# OK prowler 13 or native slayer 12



## mlynn49 (Mar 8, 2015)

Has anyone tested both the native slayer 12' and the OK Prowler 13? I'd like to know which would be more stable and better equipped...I like the seat in the Native slayer vice the low seat in the prowler...but being rather new to the whole kayak fishing side of the house I'm concerned that the higher seat will cause it to be unstable...thanks!


----------



## NovaBoy (Apr 26, 2012)

I got the ocean kayak scrambler 13 with a gone fishin seat. It is great, hard to beat kayak. There faster and dont take much to keep it moving. The stock seat was the down fall for me im a big tall guy and if i laid back it would just fold over. the gone fishin seat fixed that. very stable boat, kinda gotta force your self to flip out of it if you going to practice re entry. most of the time i just jump off of it as it is not easy to flip.

my buddy has a slayer and the only thing i like on it is the seat. stability is hard to say they feel about the same to me. The slayer feels more top heavy because of the raised seat. I think the slayer is a little over priced and the prowler out preforms it for half the price. good luck on your buy.


----------



## Chris V (Oct 18, 2007)

Get the Prowler and upgrade the seat to one with a stiffer back support. Ocean makes an upgrade seat for like 70 bucks that's badass. 

I've owned a bunch of Oceans and rocked a Prowler 13 for several years.
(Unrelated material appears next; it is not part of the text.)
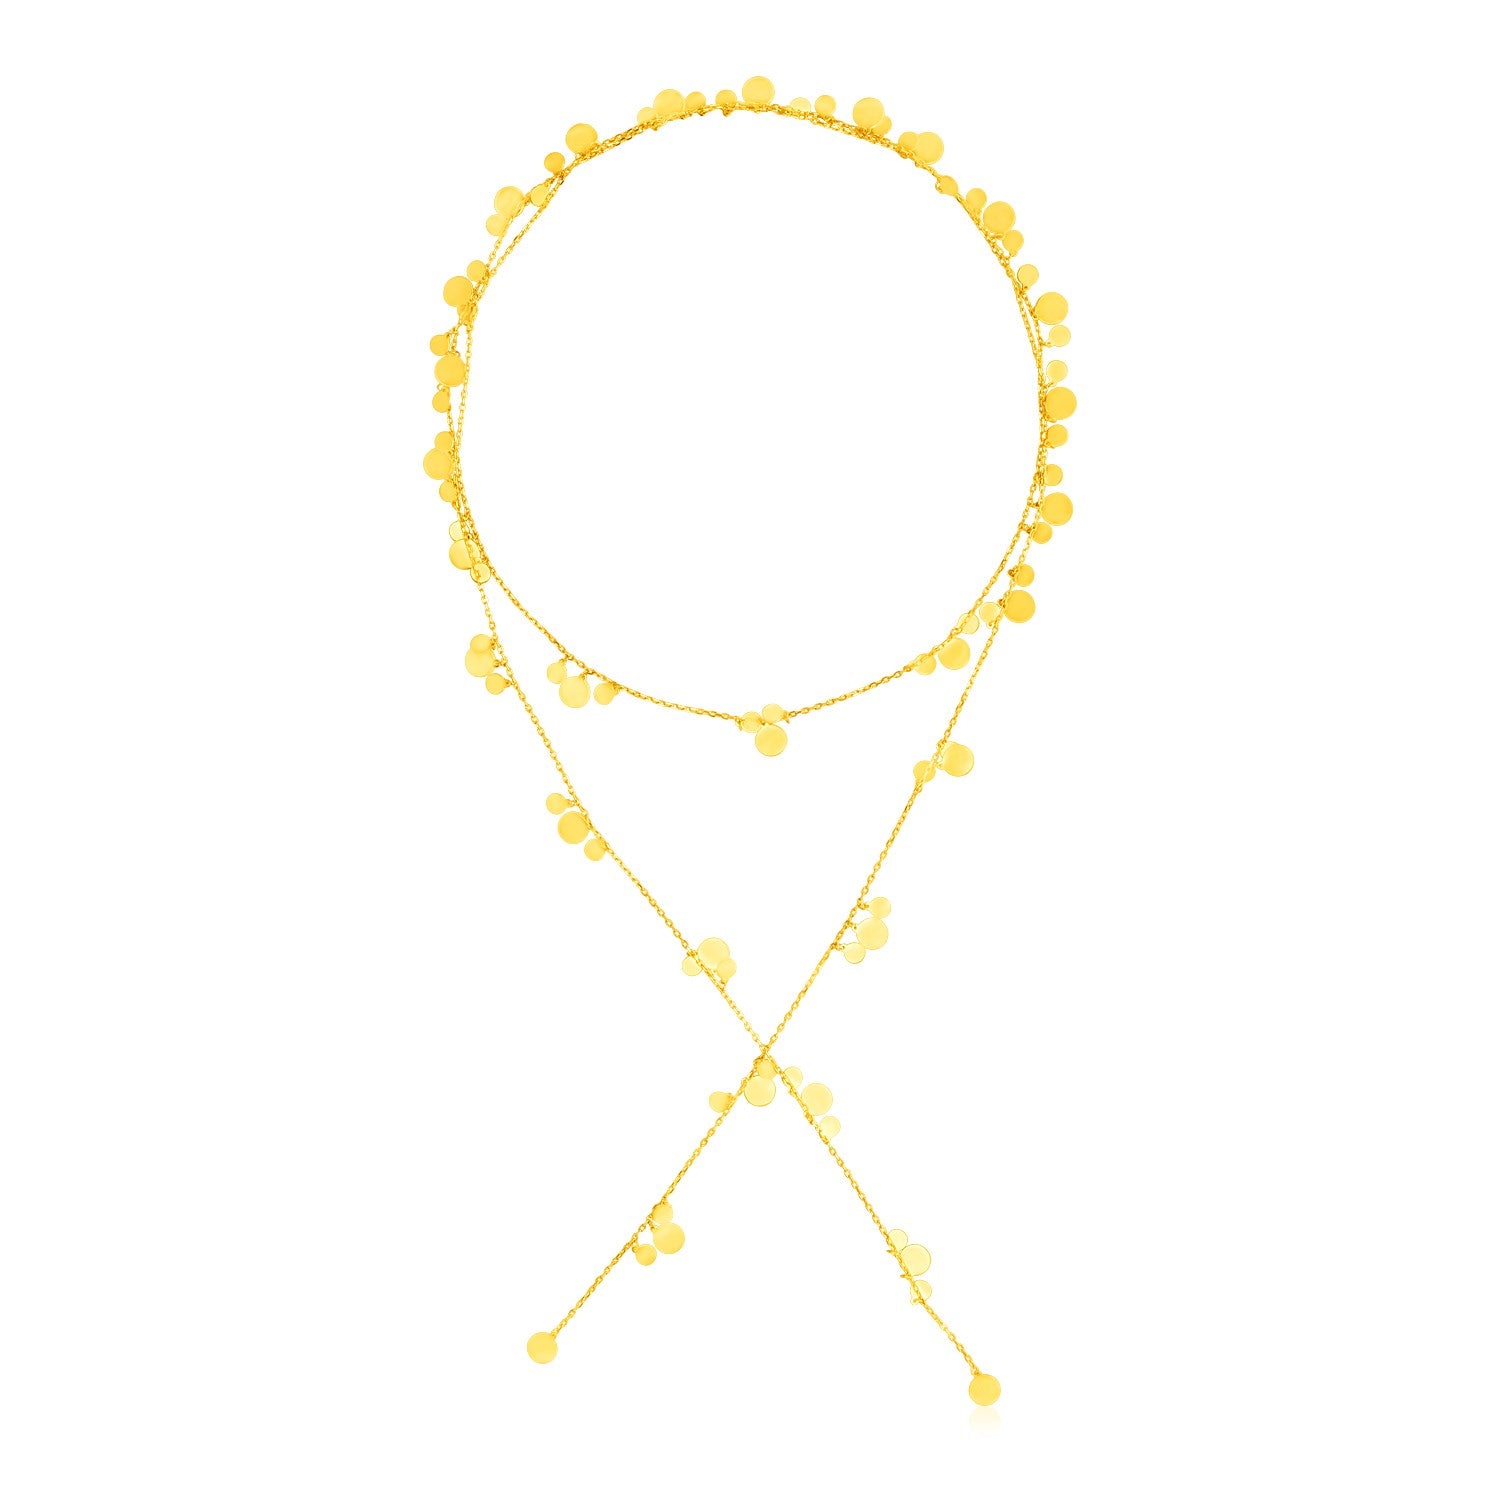 14K Yellow Gold Station Tie Necklace with Polished Circles

My biggest non-shark, kayak catch (est. 150-160lb Tarpon) was out of my yellow Prowler 13. Fast, stable and priced right.


----------



## McPhil (Mar 10, 2015)

I have a Prowler 13 and really like it, very fast and stable. If the seat is a big factor check out the Prowler Big Game II it's a larger boat but somewhat best of both.


----------



## iJabo (Jul 6, 2013)

There are times when I'll use my Prowler before my Outback. When there's minimal surf and wind it just glides on the water. It takes very little effort to get and keep moving.


----------



## Chris V (Oct 18, 2007)

^^ Im the opposite. I would pick the Prowler over the outback in rough surf. It punches right through and it'll surf better than most hulls.


----------



## iJabo (Jul 6, 2013)

Chris V said:


> ^^ Im the opposite. I would pick the Prowler over the outback in rough surf. It punches right through and it'll surf better than most hulls.


I would agree with that. I wasn't referring to surf zones specifically, but talking about when there's a lot of wind or some chop, I would prefer the power the mirage drive offers.


----------



## Yaksquatch (Mar 23, 2009)

Slayer's a great boat and has lot's of cool accessories and built-in features. It's also plenty stable even with the higher seat cause it's a little beefier in width than the Prowler. Downside is that it's about double the price of a Prowler.

The Prowler; however, is possibly the most well balanced kayak available on the market. Price is great, it's maneuverable, fast, handles surf great, tracks well, and stable enough to stand up in good conditions. It doesn't have all the extra features built into it that the Slayer has but sometimes that's better as it keeps you from overloading yourself.

P'cola kayak and sail carries both so you should be able to demo them. You'll know which one feels best for you after you spend some time on the water.

Good luck!
Alex


----------